В этот миг где-то наверху слышится душераздирающий стонущий звук – как будто исполинским ножом рассекли небосвод. Все, включая Пато и капитана, инстинктивно пригибаются. Еще через мгновение со склона высоты доносится оглушительный грохот. Сквозь ветви сосен виден столб дыма и пыли.
– Наши 105-е сработали, – говорит кто-то.
– Очень вовремя, – отвечает другой голос. – Лучше бы врезали до атаки, а не после.
Однако все рады, что своя артиллерия заняла наконец позиции на другом берегу реки и открыла огонь. Это значит, что положение изменится. Что республиканская пехота получила долгожданную огневую поддержку и сумеет смять франкистов. Это живо обсуждается.
– Теперь те, кто засел наверху, побегут как зайцы.
– Посмотрим.
– Ручаюсь тебе!
Снова – треск раздираемого полотна, и вслед за тем – грохот разрыва на вершине высотки. Полминуты спустя – новый выстрел. Снаряд на этот раз ложится почти у самого подножия, и все снова пригибаются, потому что взлетевшие в воздух камни, земля и сосновые щепки падают слишком близко.
– Вот только этого нам и не хватало, – замечает капитан Баскуньяна. – Еще один недолет – мало нам не будет.
– Товарищ, их же можно предупредить, – вмешивается Пато. – Мы же установили связь с КП. Оттуда могут передать на батарею и скорректировать огонь.
Капитан кивает:
– Где твой телефон?
– Десять минут ходу.
– Ну пошли тогда, – командир батальона оборачивается к одному из своих офицеров. – Бош, останешься за меня, следи за ними, – он показывает на нескольких солдат, которые по-прежнему лежат у края сосновой рощи, наблюдая за склоном. – Подгони-ка этих поближе, пока не накрыло.
– Слушаюсь.
Солнце золотит небосвод за гребнем западной высотки, где сейчас стихла стрельба; первые длинные тени покрывают развороченные подъезды и узкие улочки Кастельетса, на которые весь день сыпались битое стекло, обломки черепицы, кирпичная крошка.
Прижавшись к углу дома – там «мертвая зона», – прикрываясь автомобилем без колес и сидений, который стал теперь просто грудой издырявленного пулями, замысловато изогнутого металла, Хулиан Панисо с сигаретой во рту, с автоматом за спиной, с косынкой, обвязанной вокруг головы, чтобы пот не заливал глаза, готовится взорвать стену, сложенную из кирпича и камня, – закладывает в большую жестянку из-под галет «Чикилин» четыре пятисотграммовых брикета тротила, детонатор, полутораметровый бикфордов шнур, рассчитанный на медленное горение, и на всякий случай – еще один.

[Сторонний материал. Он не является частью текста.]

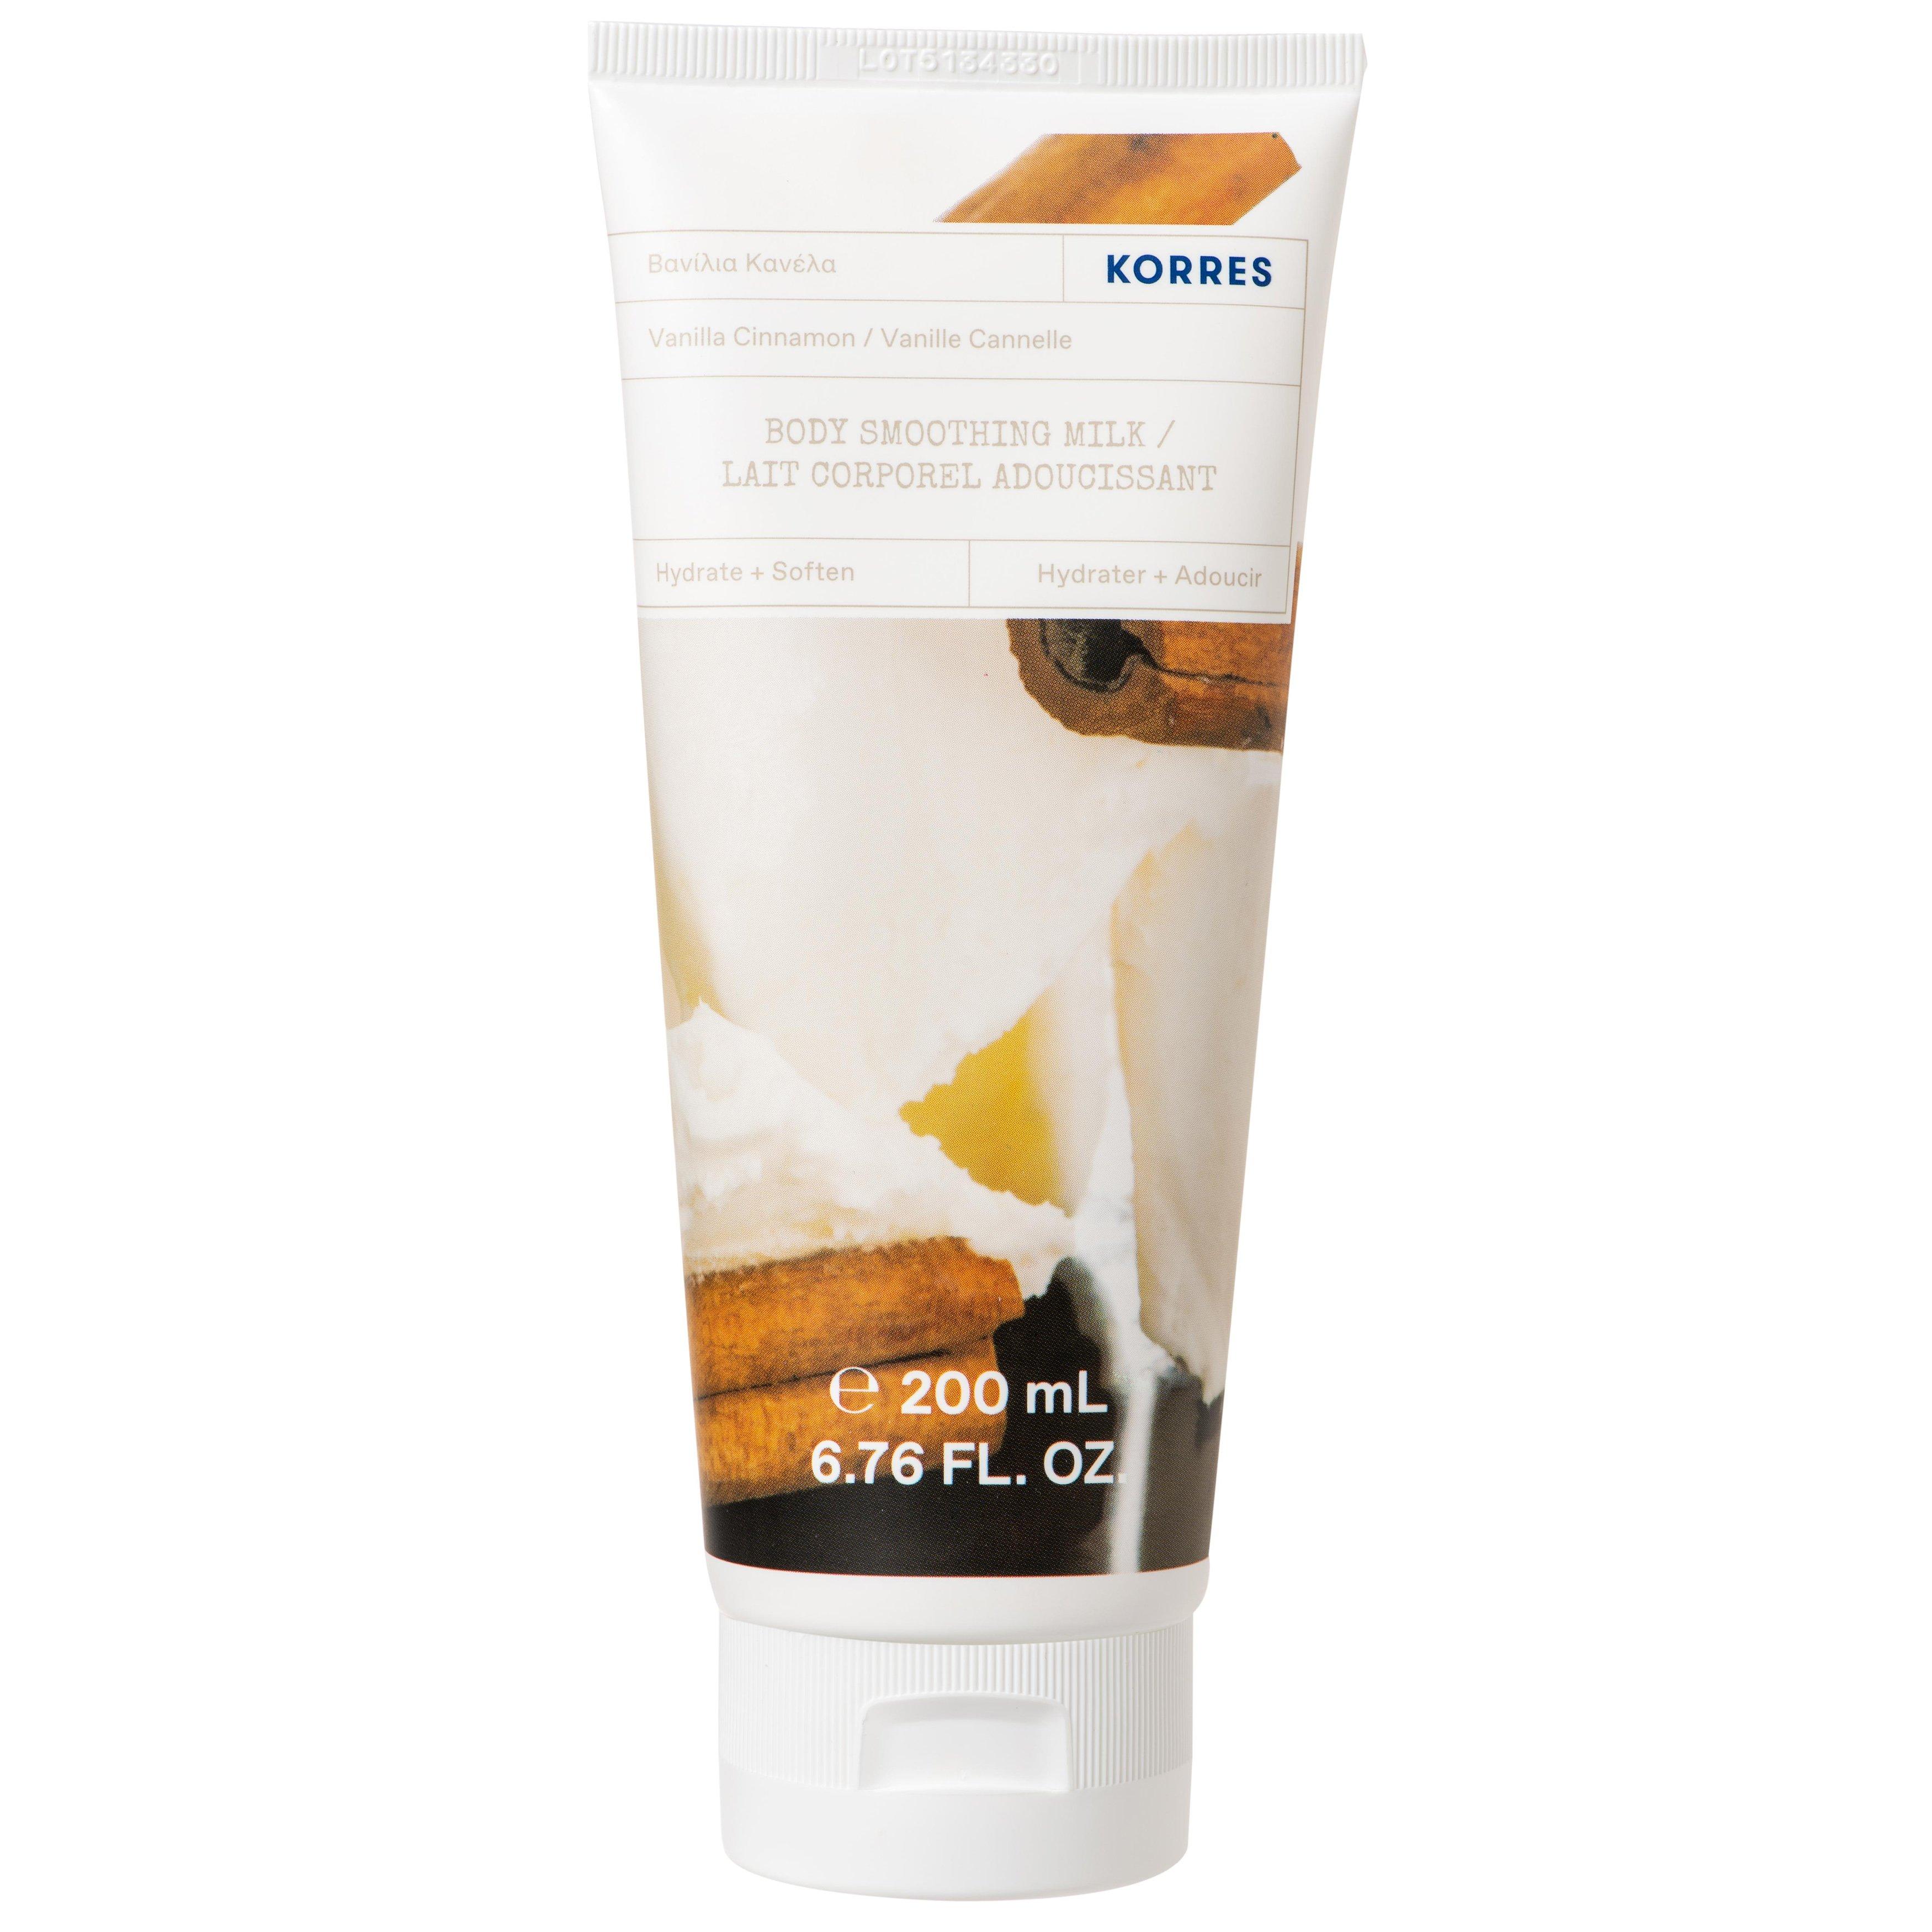 Korres Vanilla Cinnamon Body Smoothing Milk Ενυδατικό Γαλάκτωμα Σώματος με Κρεμώδες Άρωμα Βανίλια Κανέλα 200ml

– Поторапливайся! – шипит Ольмос, который сидит на корточках в трех шагах от него с автоматом наготове, чтобы отбиваться от франкистов, если те вдруг заметят взрывников.
– Тише едешь – дальше будешь, – отвечает Панисо, не отрываясь от своего дела. – Я и так тороплюсь.
– Засекут – фрикасе из нас сготовят.
– Помолчи, а… Не мешай работать.
Ольмос, не поднимаясь, подбирается ближе:
– Работает он… Давай подсоблю.
Панисо отмахивается от него, как от докучной мухи:
– Уйди, сказано.
За стеной этого дома, прежде принадлежавшего Синдикату трудящихся, вот уже несколько часов отчаянно обороняются засевшие там наемники-легионеры. Все попытки выбить их оттуда провалились – прежде всего потому, что пулемет на колокольне держит под огнем площадь и главную улицу Кастельетса. Неимоверными усилиями и большой кровью республиканцы сумели все же пробиться в эту часть городка и закрепиться в одном из зданий, примыкающих к Синдикату. И ночью, просочившись через соседние дома, попытаются выкурить оттуда франкистов.
– Ну что, идет?
– Ты заткнешься или нет?
Ольмос сквозь зубы начинает напевать «Молодую гвардию»[23], меж тем как Панисо продолжает снаряжать взрывное устройство, вставляя в пазы запальные шнуры, – девятнадцать лет кряду совершал он эти механические движения в сырой темноте шахты, где зарабатывал на хлеб себе, жене, четверым детям и отцу с легкими, съеденными силикозом. Той самой шахты, куда, узнав о фашистском мятеже, он вместе с товарищами-шахтерами – был среди них и Ольмос – сбросил трупы управляющего и двух десятников, убитых ударами кирок, а потом – приходского священника (алькальд, состоявший в СЭДА[24], успел удрать) и сержанта Гражданской гвардии по фамилии Пенья, пытавшего брата Ольмоса во время шахтерской забастовки 1934 года. Падре перед смертью молился, другие плакали, а вот сержант держался молодцом – покрыл своих палачей отборной бранью и плюнул им в лицо. И Панисо, отдавая ему должное, нелицеприятно признал, что Пенья этот – хоть и мразь редкостная, но не трус.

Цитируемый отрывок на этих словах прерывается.